To make this post more educational, I will define these polynomials a bit. Consider the 2-parameter family of Macdonald operators (indexed by powers of the indeterminate $X$) for root system $A_n$, on a symmetric polynomial $f$ with $x = (x_1, \ldots, x_n)$:

$$D(X;t,q) = a_\delta(x)^{-1} \sum_{\sigma \in S_n} \epsilon(\sigma) x^{\sigma \delta}\prod_{i=1}^n (1 + X t^{(\sigma \delta)_i} T_i),$$

(mathoverflow doesn't seem to parse $T_{q,x_i}$ in the formula above, so I had to use the shorter symbol $T_i$, which depends on q).

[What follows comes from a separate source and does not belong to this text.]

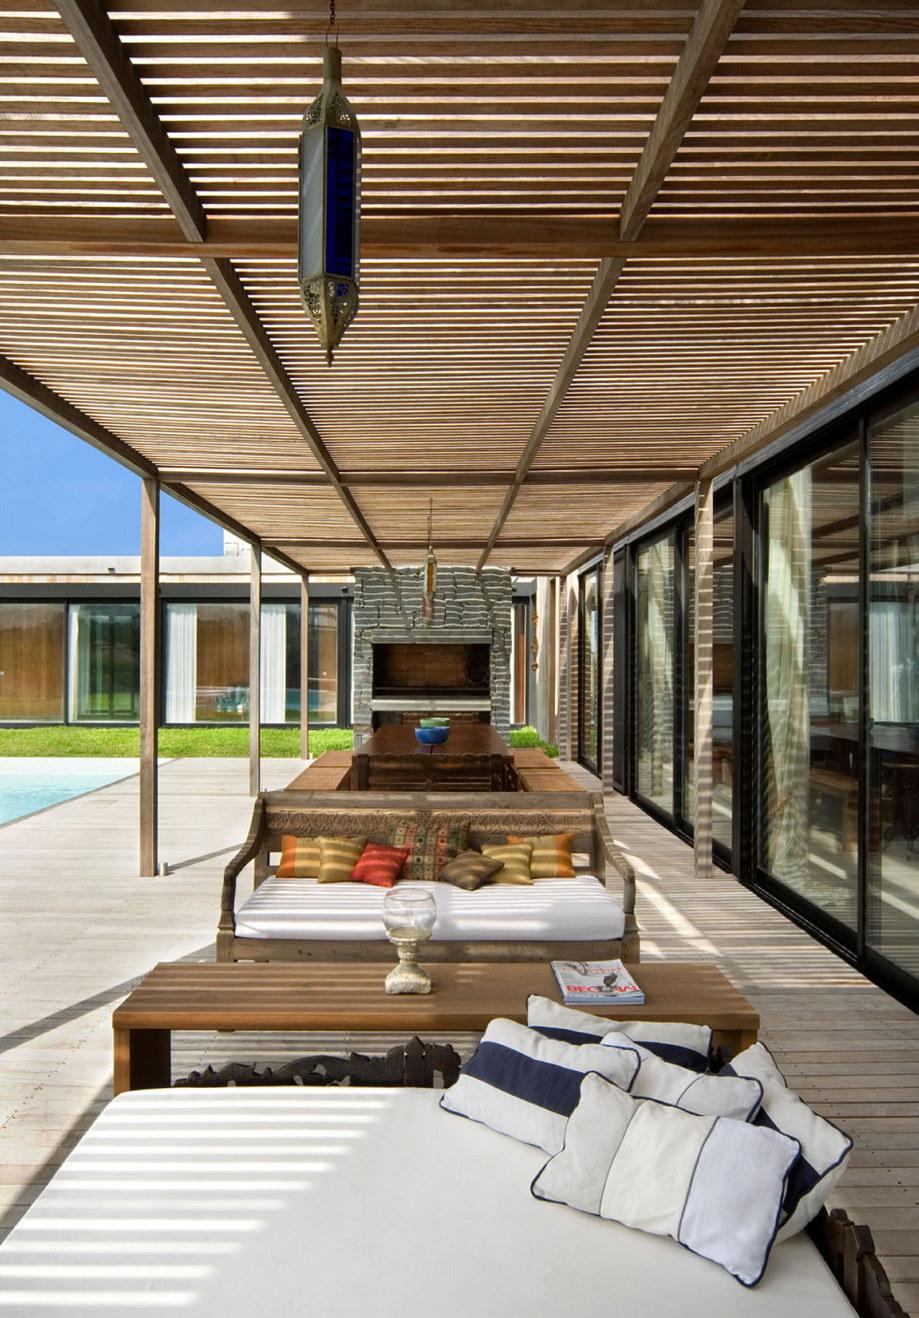 The beach house La Boyita Residence by Martin Gomez Arguitectos, Uruguay 13

where $\delta$ is the partition $(n-1,n-2,\ldots, 1,0)$, $a_\delta(x) = \prod_{1 \le i < j \le n} (x_i - x_j)$ is the Vandermonde determinant (in general $a_\lambda(x)$ is the determinant of the matrix $(a_i^{\lambda_j})_{i,j \in [n]}$).

$x^{\sigma \delta}$ means $x_1^{(\sigma \delta)_1} x_2^{(\sigma \delta)_2} \ldots x_n^{(\sigma \delta)_n}$.

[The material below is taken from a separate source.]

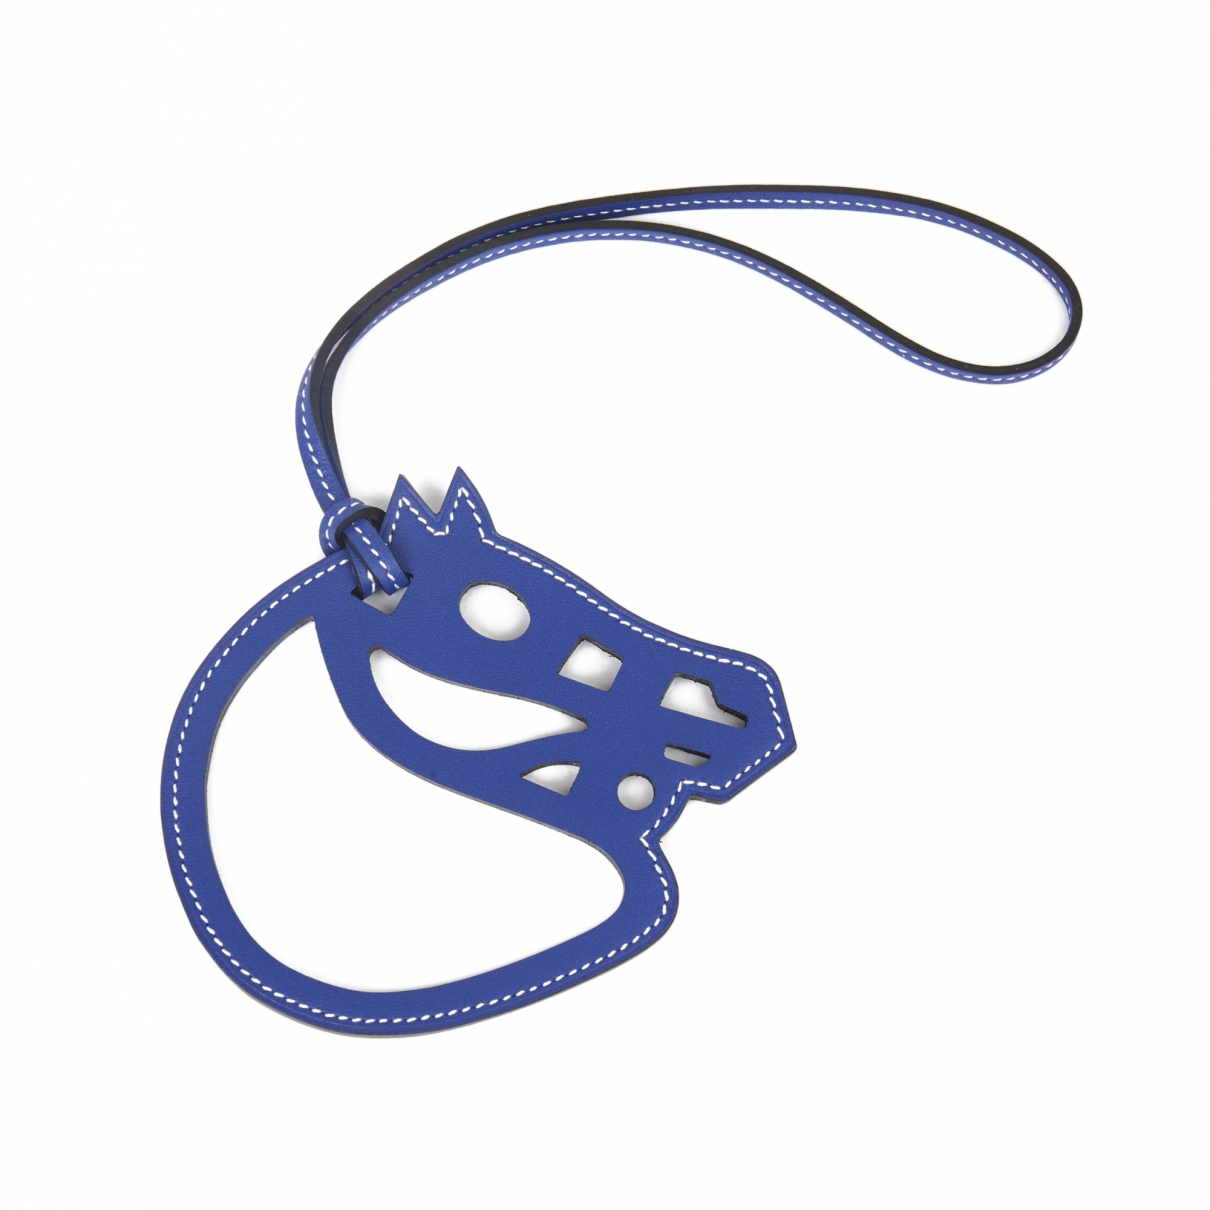 Hermes Paddock Taschenschmuck in  Blau Leder

Also $(\sigma \delta)_i$ denotes the $\sigma(i)$-th component of $\delta$, namely $n-i$.

Finally the translation operator $T_i = T_{q,x_i}$ is defined as $$ T_{q,x_i}f(x_1, \ldots, x_n) = f(x_1, \ldots, x_{i-1}, q x_i , x_{i+1} ,\ldots, x_n).$$

I like to think of the translation operator as the quantized version of the differential operator $I + \partial_i$, where $q-1$ is analogous to the Planck constant(?).

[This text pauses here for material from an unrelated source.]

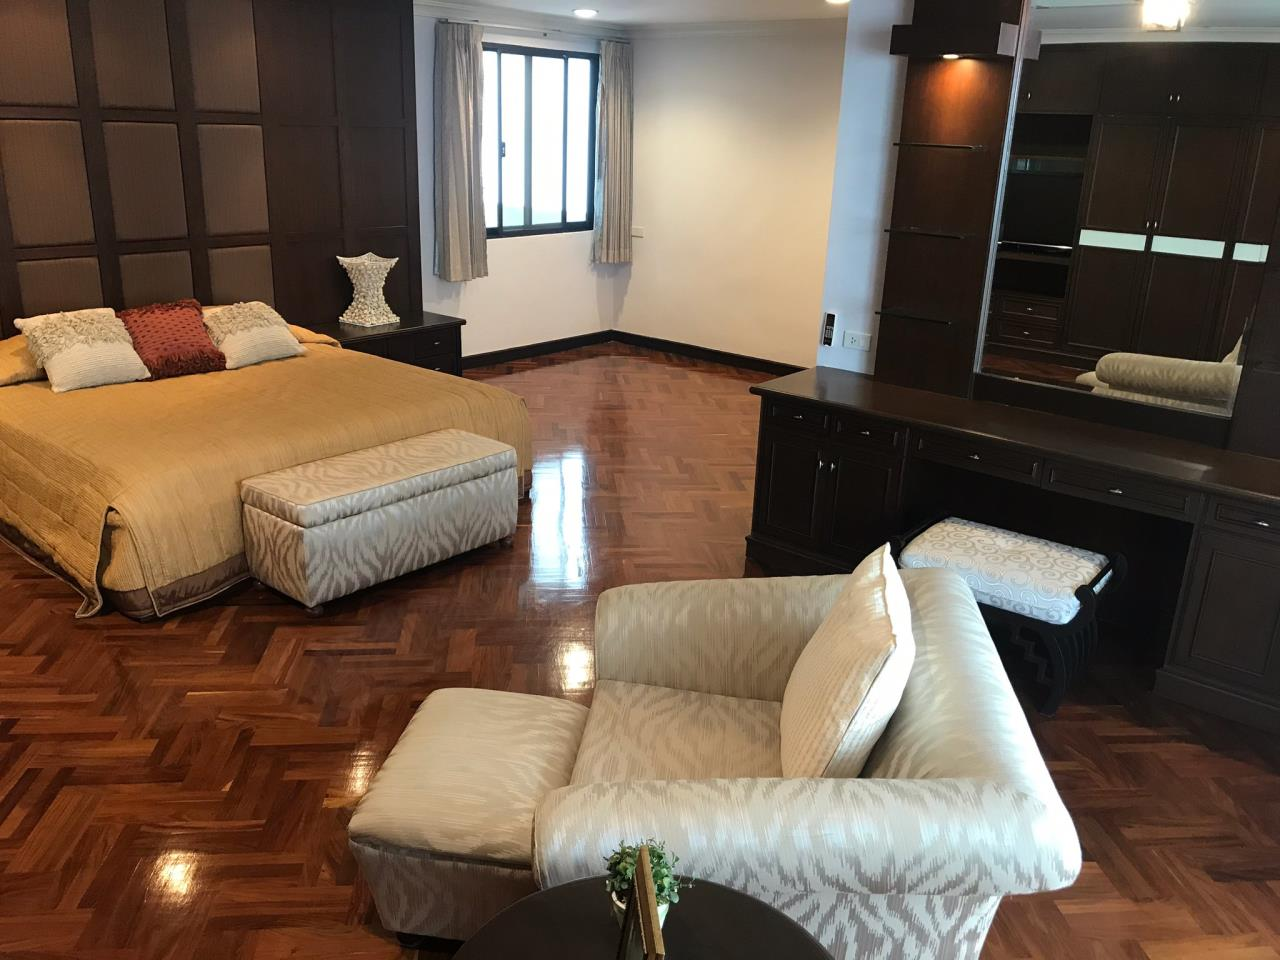 Blueocean property Agency's Condo For Rent – Hawaiii Tower 16

If we write $D(X;q,t) = \sum_{r=0}^n D_{n-r}(q,t) X^r$, then Macdonald polynomials $p_\lambda(q,t)$ are simply simultaneous eigenfunctions of these operators. When $q=t$ they become Schur polynomials, defined by $s_\lambda = a_{\delta +\lambda} / a_\delta$. When $q= t^\alpha$ and $t \to 1$, we get Jack symmetric polymomials, which are eigenfunctions of a Metropolis random walk on the set of all partitions that converge to the so-called Ewens sampling measure, which assigns probability proportional $\alpha^{\ell(\lambda)} z_\lambda^{-1}$. When $q = 0$, they become the Hall-Littlewood polynomials and when $t=1$ they become the monomial symmetric polynomials etc.

I was told repeatedly by experts that Macdonald polynomials exhaust all previous symmetric polynomial bases in some sense. Does anyone know a theorem that says that every family of symmetric polynomial under some conditions can be obtained from Macdonald polynomials by specializing the $q$ and $t$?